Supplied records:
Start of Block
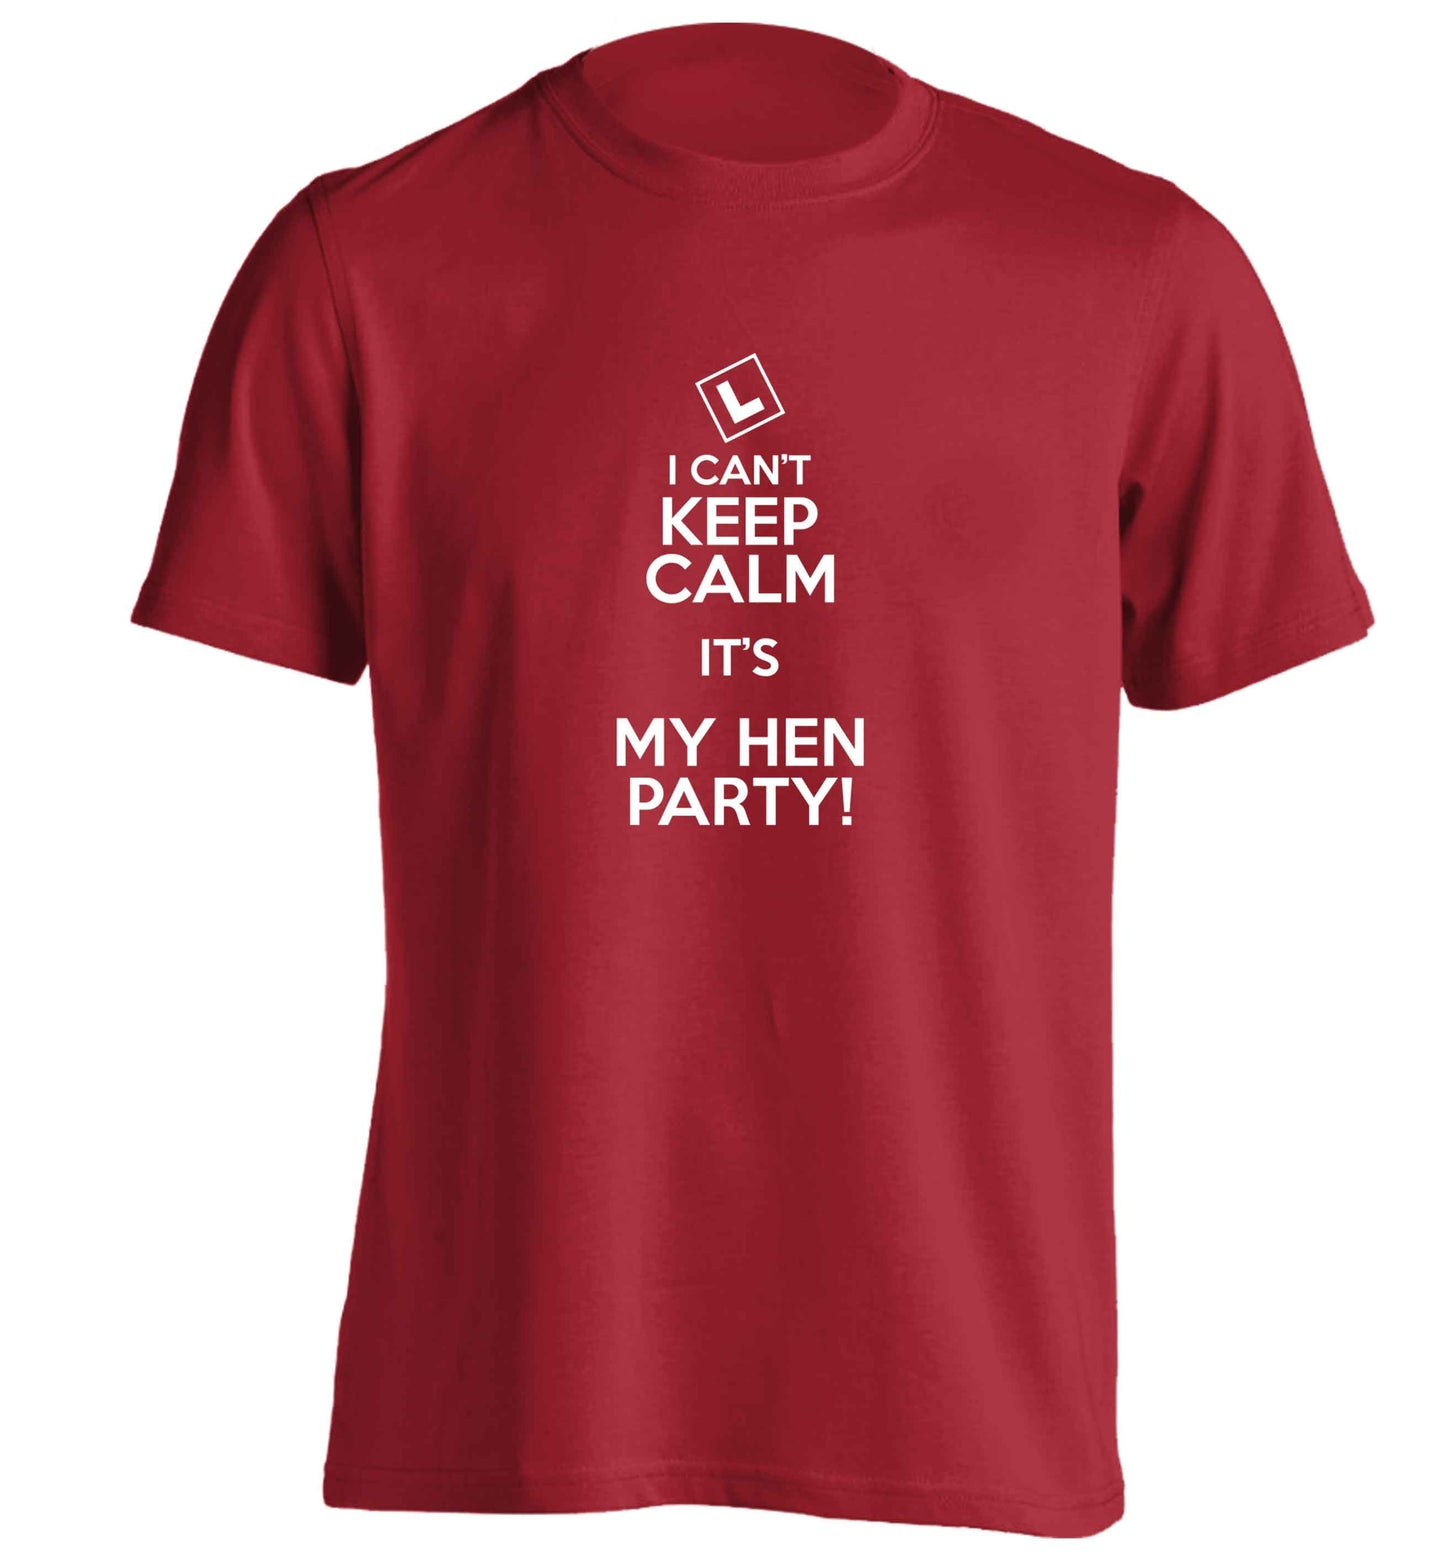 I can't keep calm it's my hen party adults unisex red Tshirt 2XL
End of Block
Start of Block
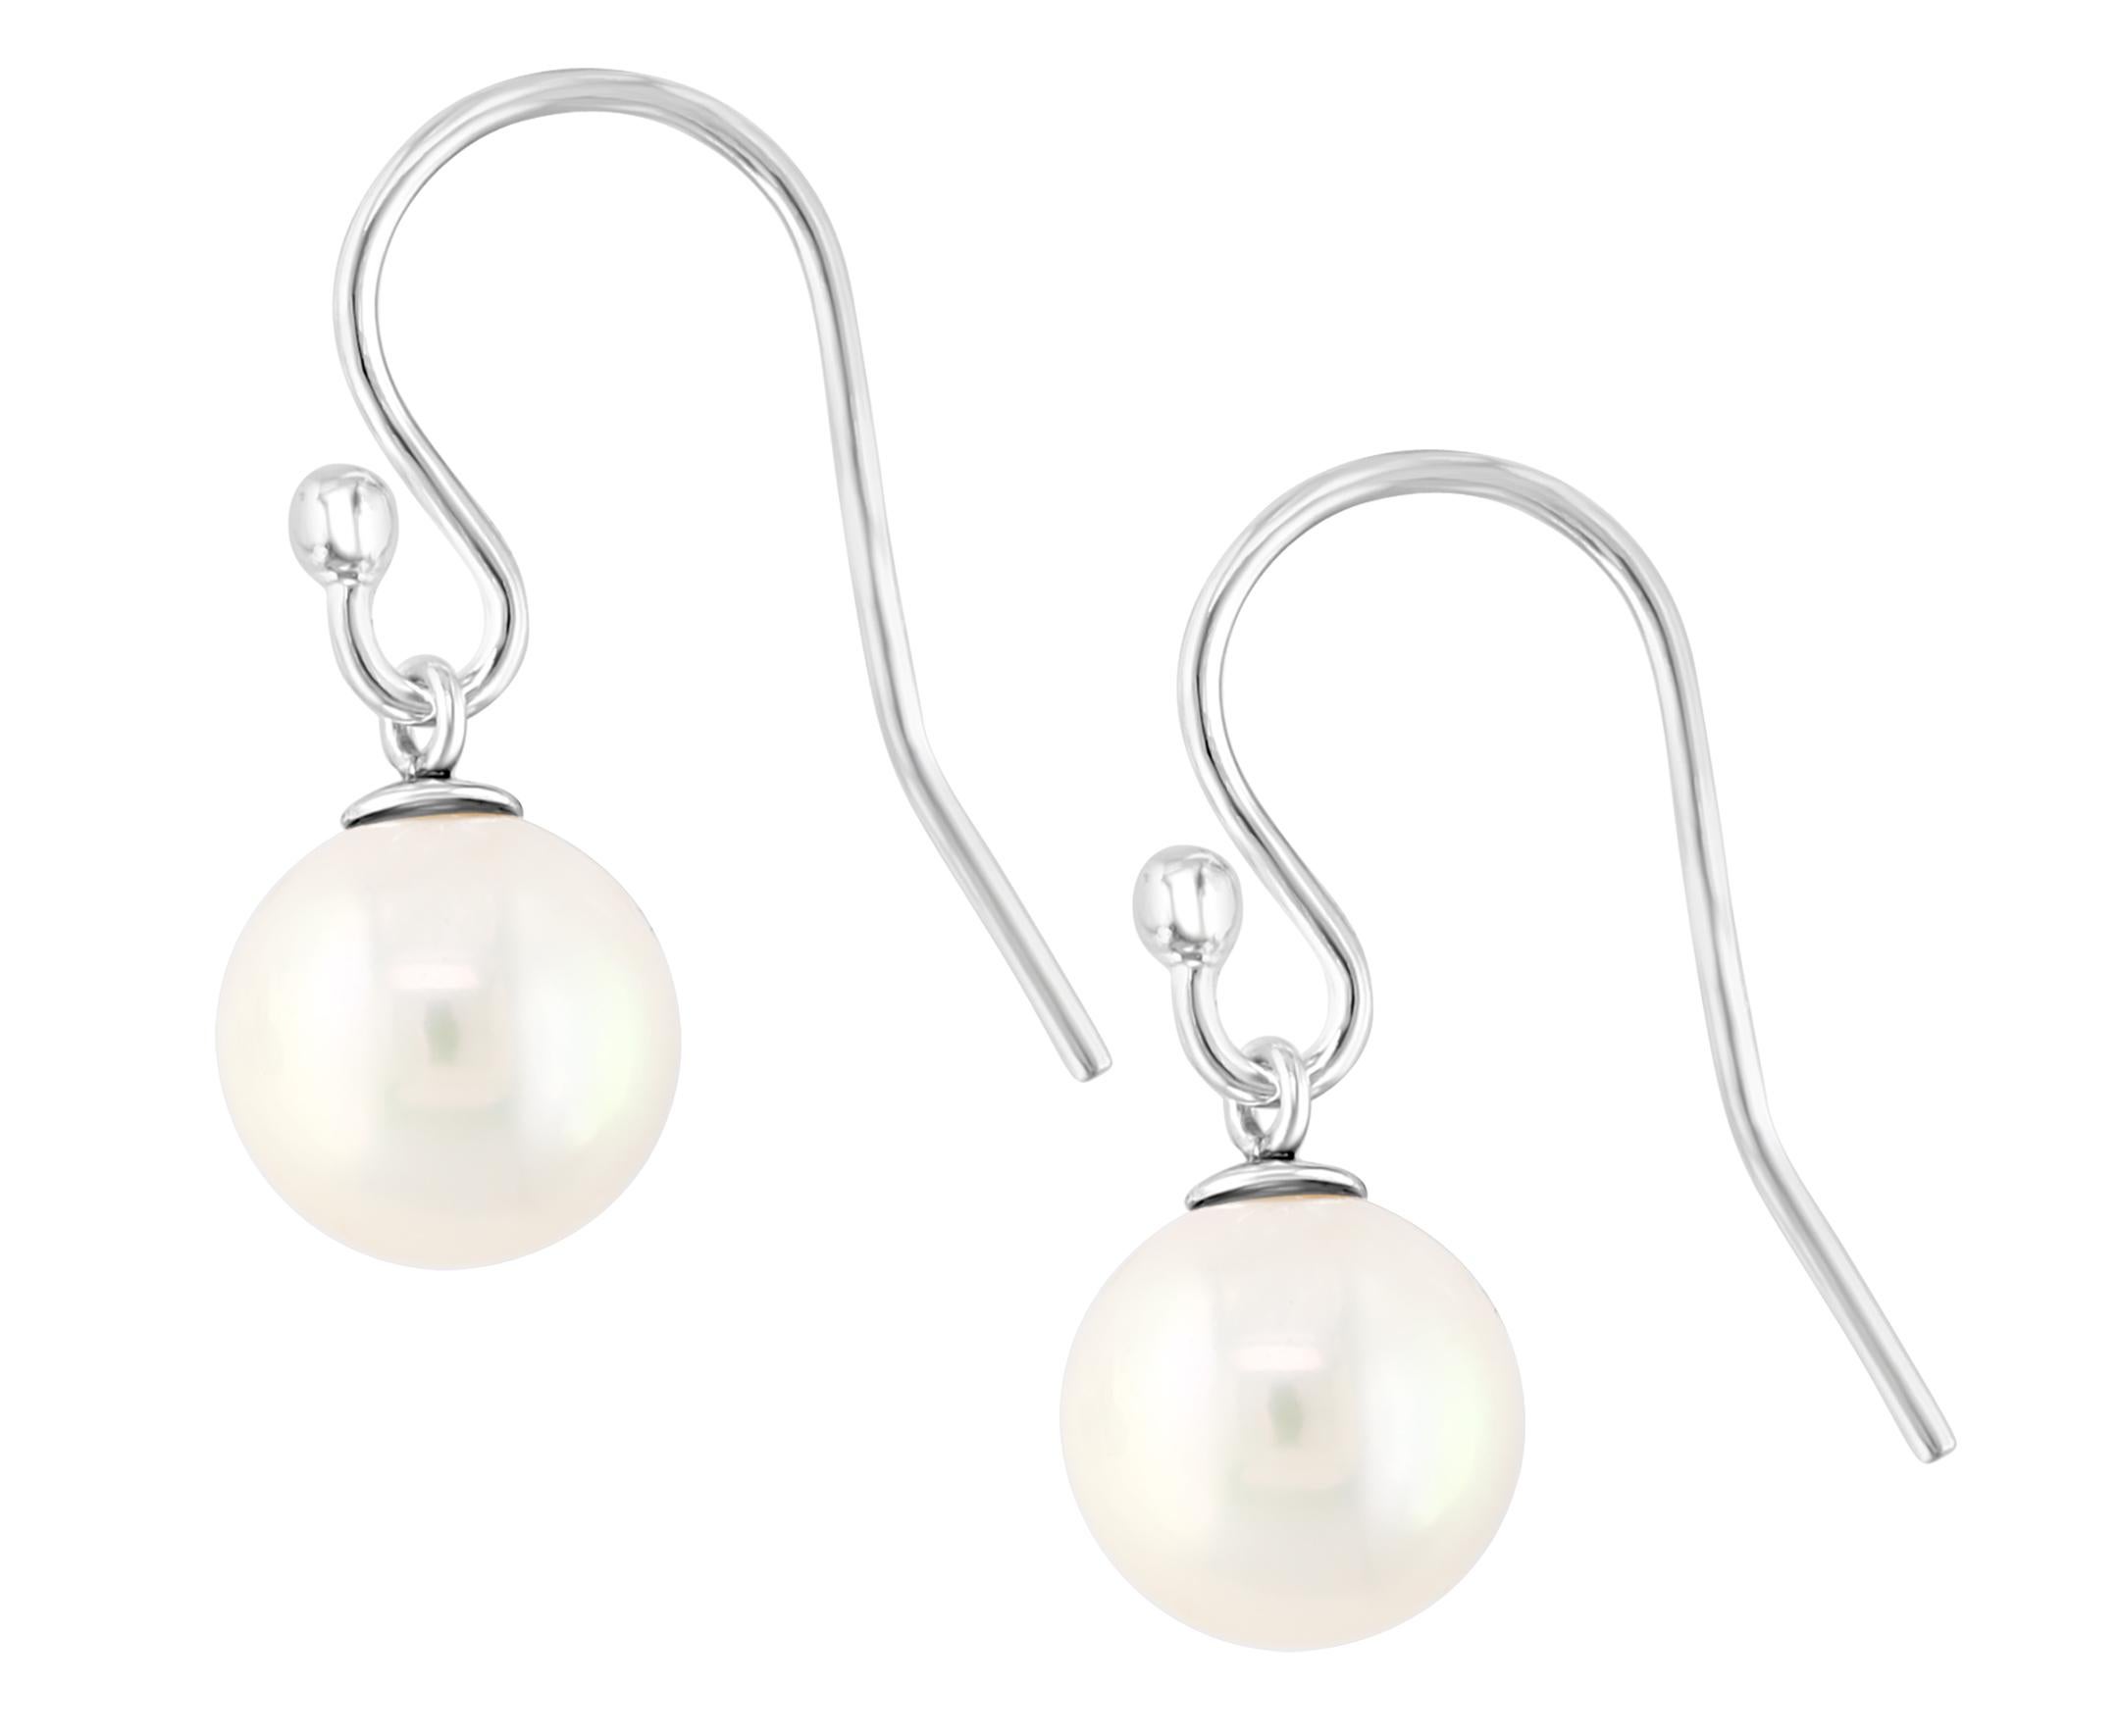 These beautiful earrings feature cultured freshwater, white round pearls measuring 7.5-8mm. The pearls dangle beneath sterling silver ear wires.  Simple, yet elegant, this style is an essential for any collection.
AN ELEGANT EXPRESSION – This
End of Block
Start of Block
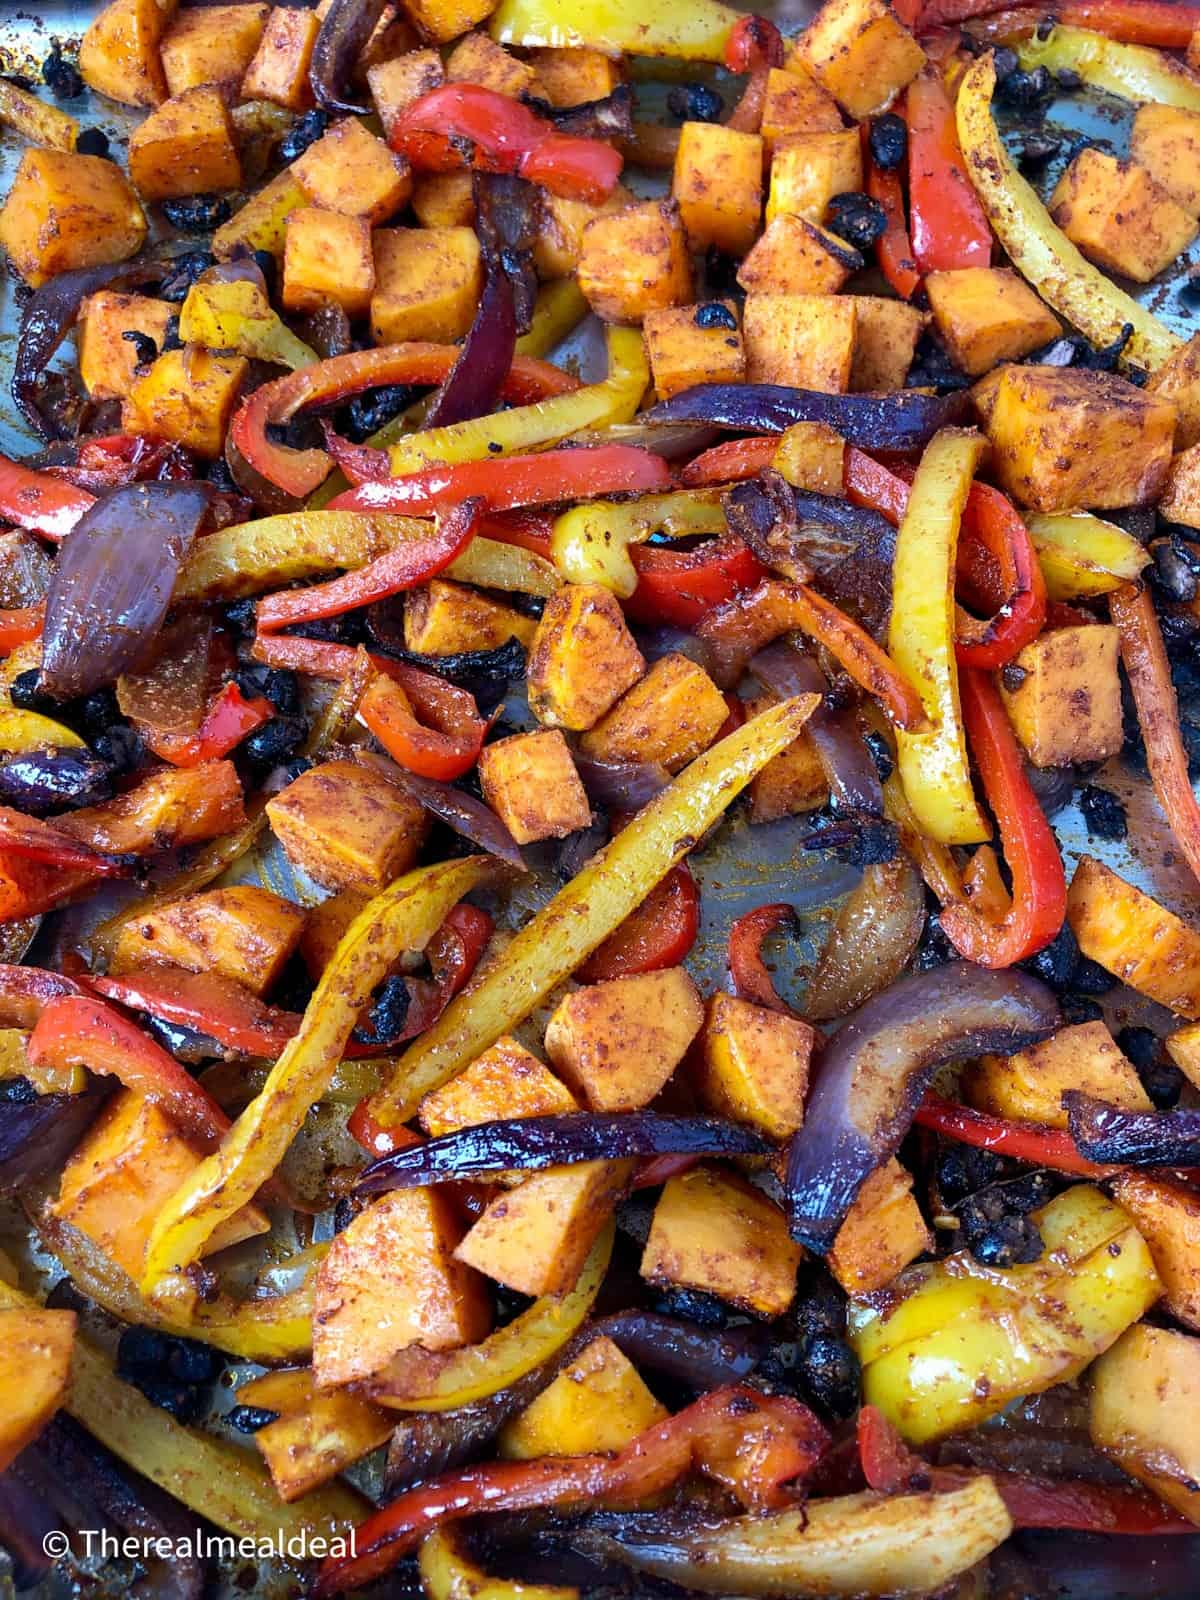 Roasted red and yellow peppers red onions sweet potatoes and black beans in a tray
End of Block
Directions for this task:
Look above and copy only the lines from the one holding "These beautiful earrings" to the one holding "AN ELEGANT EXPRESSION – This", both included, exactly, minus the pictures.

Solution to this exercise:
 These beautiful earrings feature cultured freshwater, white round pearls measuring 7.5-8mm. The pearls dangle beneath sterling silver ear wires.  Simple, yet elegant, this style is an essential for any collection.
AN ELEGANT EXPRESSION – This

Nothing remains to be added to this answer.